如何在 Go 中读取 JSONL 文件？

使用 bufio.NewScanner 逐行读取文件，然后用 json.Unmarshal 将每行解析为 struct 或 map。或者，使用 json.NewDecoder 进行流式解码，无需显式行分割。两种方式都是每次处理一条记录，保持低内存使用。

bufio.Scanner 和 json.Decoder 处理 JSONL 有什么区别？

bufio.Scanner 读取原始行，需要单独调用 json.Unmarshal，可以访问原始字节和行号。json.Decoder 直接从 io.Reader 读取并按顺序解码 JSON 值，效率更高但不暴露原始行数据。需要行级错误报告时使用 Scanner，追求最大吞吐量时使用 Decoder。

如何在 Go 中写入 JSONL 文件？

使用 json.Marshal 序列化每条记录，追加换行字节，然后写入文件。为了更好的性能，使用 json.NewEncoder 包装 bufio.Writer。encoder 在每次 Encode 调用后自动添加换行符。务必在关闭文件前对缓冲写入器调用 Flush。

如何在 Go 中并发处理 JSONL？

使用 fan-out 模式：在一个 goroutine 中读取记录，通过 channel 发送，在多个 worker goroutines 中处理。使用 sync.WaitGroup 等待所有 workers 完成，使用 results channel 收集输出。对于 CPU 密集型任务，将 workers 数量设为 runtime.NumCPU()，I/O 密集型任务可以设得更高。

如何在 Go 中处理大型 JSONL 文件？

bufio.Scanner 和 json.Decoder 都是逐条处理记录，无需加载整个文件。对于 Scanner，如果行超过 64KB，使用 scanner.Buffer() 增加缓冲区大小。Decoder 内部处理缓冲。将任一方式与 goroutines 结合使用，可并行处理超大文件。

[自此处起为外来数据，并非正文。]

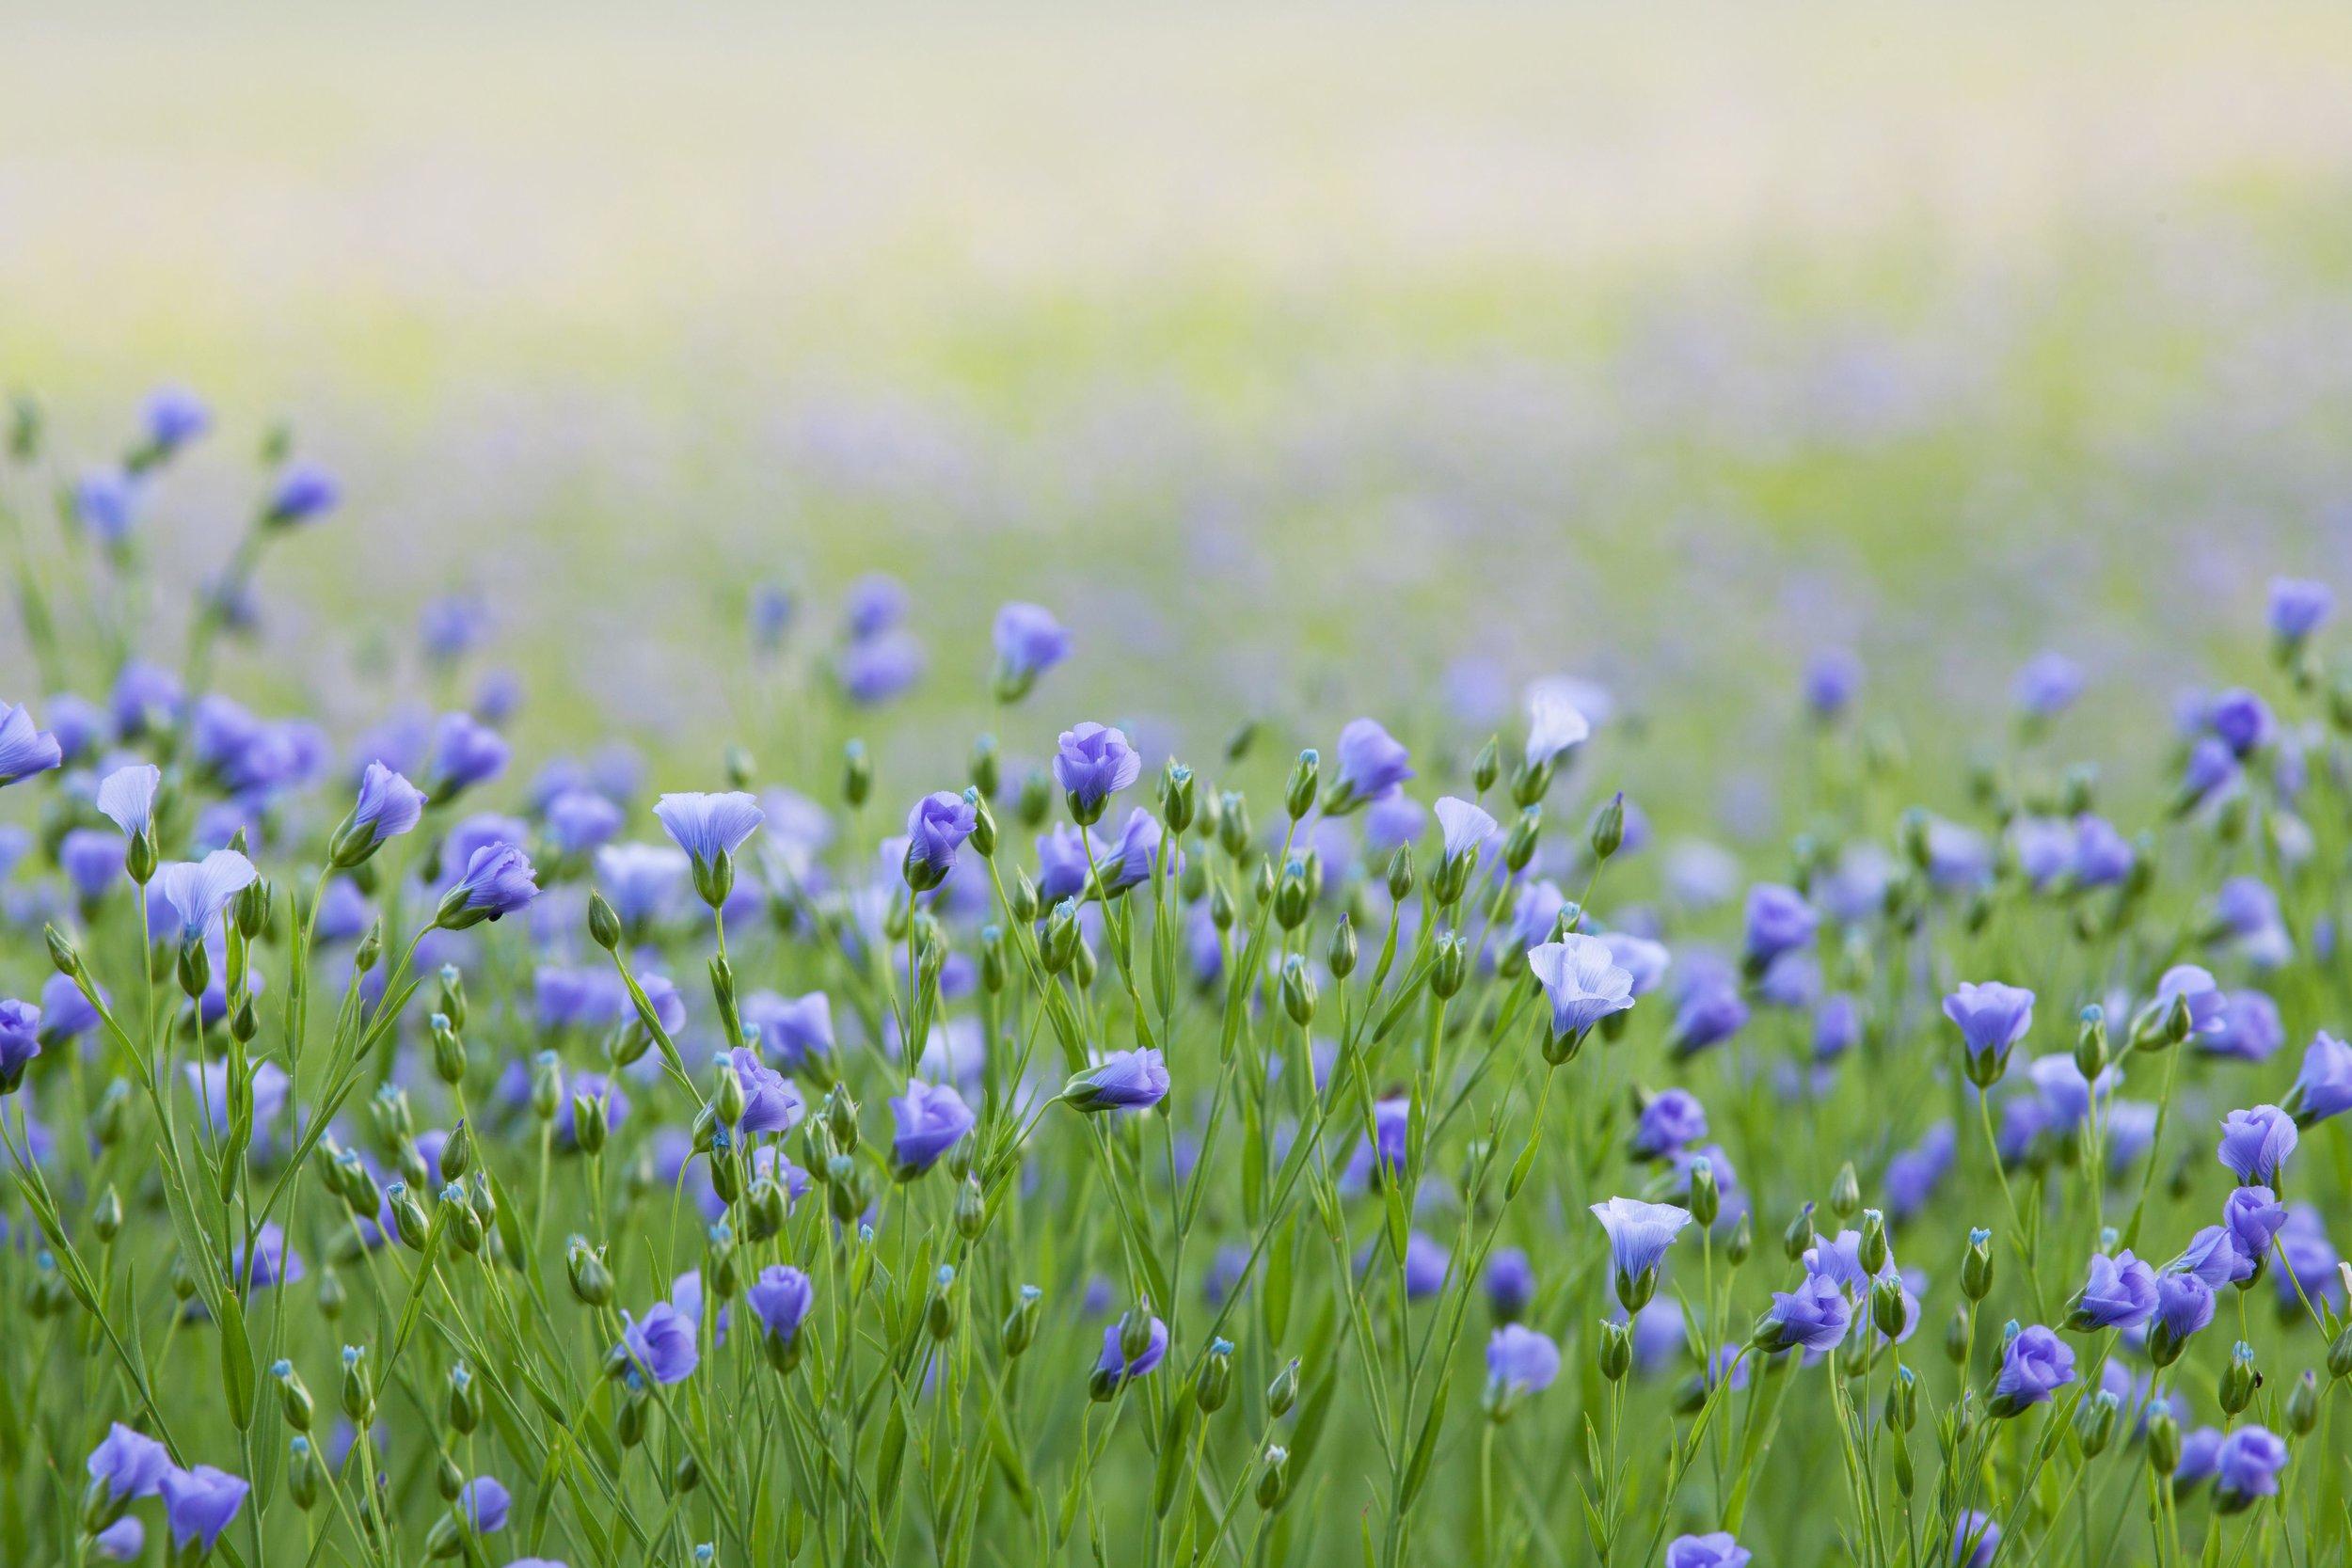 Flax Flowers in Bloom (2).jpg

可以将 json.Decoder 用于 HTTP 响应体的 JSONL 吗？

可以。json.Decoder 可用于任何 io.Reader，包括 http.Response.Body。使用 json.NewDecoder(resp.Body) 创建解码器，在循环中调用 Decode 直到收到 io.EOF。这非常适合从 API 流式读取 JSONL，因为它在记录到达时就进行处理，无需等待完整响应。

Go 处理 JSONL：bufio、json.Decoder 与并发处理

在 Go 中使用 JSONL（JSON Lines）文件的完整指南。学习使用标准库的 bufio、encoding/json 和 goroutines 来读取、写入、流式处理和并发处理 JSONL 数据。

最后更新：2026年2月

为什么选择 Go 处理 JSONL？

Go 是处理 JSONL 文件的绝佳选择，尤其是在性能和并发性至关重要的场景下。标准库提供了所需的一切：bufio 用于高效的逐行 I/O，encoding/json 用于解析和序列化，goroutines 用于并行处理。无需任何第三方依赖。Go 的编译特性意味着您的 JSONL 管道运行速度将远超同等的 Python 或 Node.js 脚本，在普通硬件上通常可以每秒处理数百万行。

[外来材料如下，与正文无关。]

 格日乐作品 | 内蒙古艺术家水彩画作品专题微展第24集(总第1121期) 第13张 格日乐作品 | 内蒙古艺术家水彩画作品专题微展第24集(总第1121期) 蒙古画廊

JSONL（JSON Lines）每行存储一个 JSON 对象，天然适合 Go 的流式 I/O 模型。无需将整个文件加载到内存中，您可以使用 scanner 或 decoder 逐条读取和处理记录。结合 Go 的轻量级 goroutines 和 channels，您可以构建充分利用所有可用 CPU 核心的并发 JSONL 管道。在本指南中，您将学习如何使用 bufio.Scanner 读取 JSONL、使用 json.Decoder 进行流式处理、高效写入 JSONL、并发处理记录以及健壮地处理错误。

使用 bufio.Scanner 读取 JSONL 文件

在 Go 中读取 JSONL 最直接的方式是使用 bufio.Scanner。它逐行读取文件，然后用 json.Unmarshal 解析每一行。这种方式让您可以完全控制缓冲区大小和错误处理。

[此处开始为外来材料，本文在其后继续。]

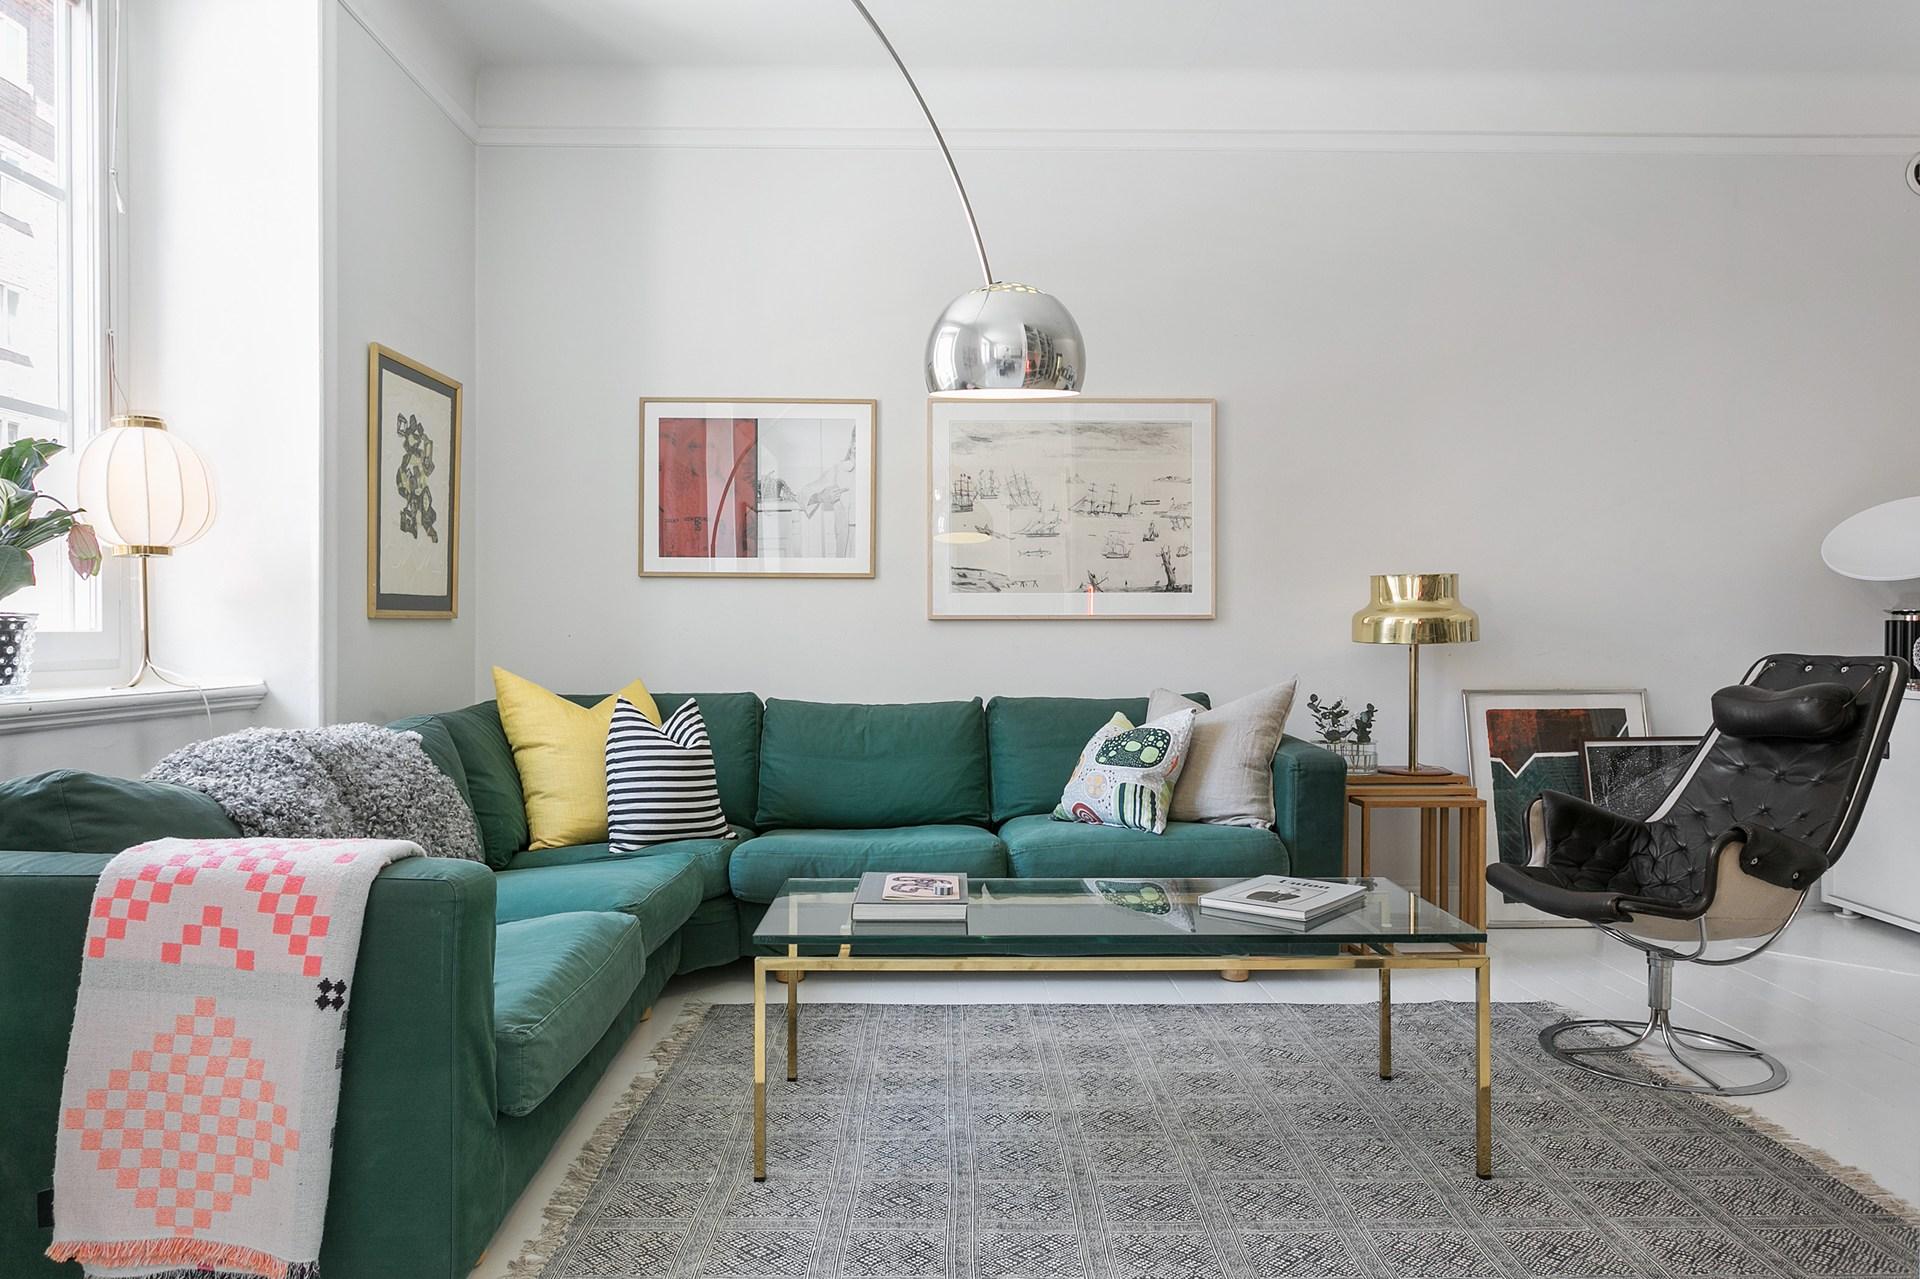 гостиная диван журнальный столик

打开文件，创建 scanner，逐行迭代。每行通过 json.Unmarshal 解析为 map 或 struct。这样可以将内存使用量保持在单条记录级别，而非整个文件。

使用 bufio.Scanner 基础读取

package main

import (
	"bufio"
	"encoding/json"
	"fmt"
	"log"
	"os"
)

func main() {
	file, err := os.Open("data.jsonl")
	if err != nil {
		log.Fatal(err)
	}
	defer file.Close()

	var records []map[string]any
	scanner := bufio.NewScanner(file)

	// Increase buffer for lines longer than 64KB
	scanner.Buffer(make([]byte, 0, 1024*1024), 1024*1024)

	for scanner.Scan() {
		var record map[string]any
		if err := json.Unmarshal(scanner.Bytes(), &record); err != nil {
			log.Printf("skipping invalid JSON: %v", err)
			continue
		}
		records = append(records, record)
	}

	if err := scanner.Err(); err != nil {
		log.Fatal(err)
	}

	fmt.Printf("Loaded %d records\n", len(records))
}

在生产代码中，将 JSONL 记录解析为类型化的 Go struct 而非通用 map。这提供了编译时类型安全、更好的性能和更清晰的代码。使用 json 标签定义 struct 以控制字段映射。

解析为类型化 Struct

package main

import (
	"bufio"
	"encoding/json"
	"fmt"
	"log"
	"os"
)

type User struct {
	ID    int    `json:"id"`
	Name  string `json:"name"`
	Email string `json:"email"`
	Age   int    `json:"age,omitempty"`
}

func readUsers(path string) ([]User, error) {
	file, err := os.Open(path)
	if err != nil {
		return nil, fmt.Errorf("open file: %w", err)
	}
	defer file.Close()

	var users []User
	scanner := bufio.NewScanner(file)
	lineNum := 0

	for scanner.Scan() {
		lineNum++
		var u User
		if err := json.Unmarshal(scanner.Bytes(), &u); err != nil {
			return nil, fmt.Errorf("line %d: %w", lineNum, err)
		}
		users = append(users, u)
	}

	if err := scanner.Err(); err != nil {
		return nil, fmt.Errorf("scanner error: %w", err)
	}
	return users, nil
}

func main() {
	users, err := readUsers("users.jsonl")
	if err != nil {
		log.Fatal(err)
	}
	for _, u := range users {
		fmt.Printf("%s (%s)\n", u.Name, u.Email)
	}
}

使用 json.Decoder 流式处理

对于高性能流式处理，json.Decoder 直接从 io.Reader 读取，无需中间行分割。它内部处理缓冲，是处理大型 JSONL 文件或网络流的推荐方式，可最大限度减少内存分配。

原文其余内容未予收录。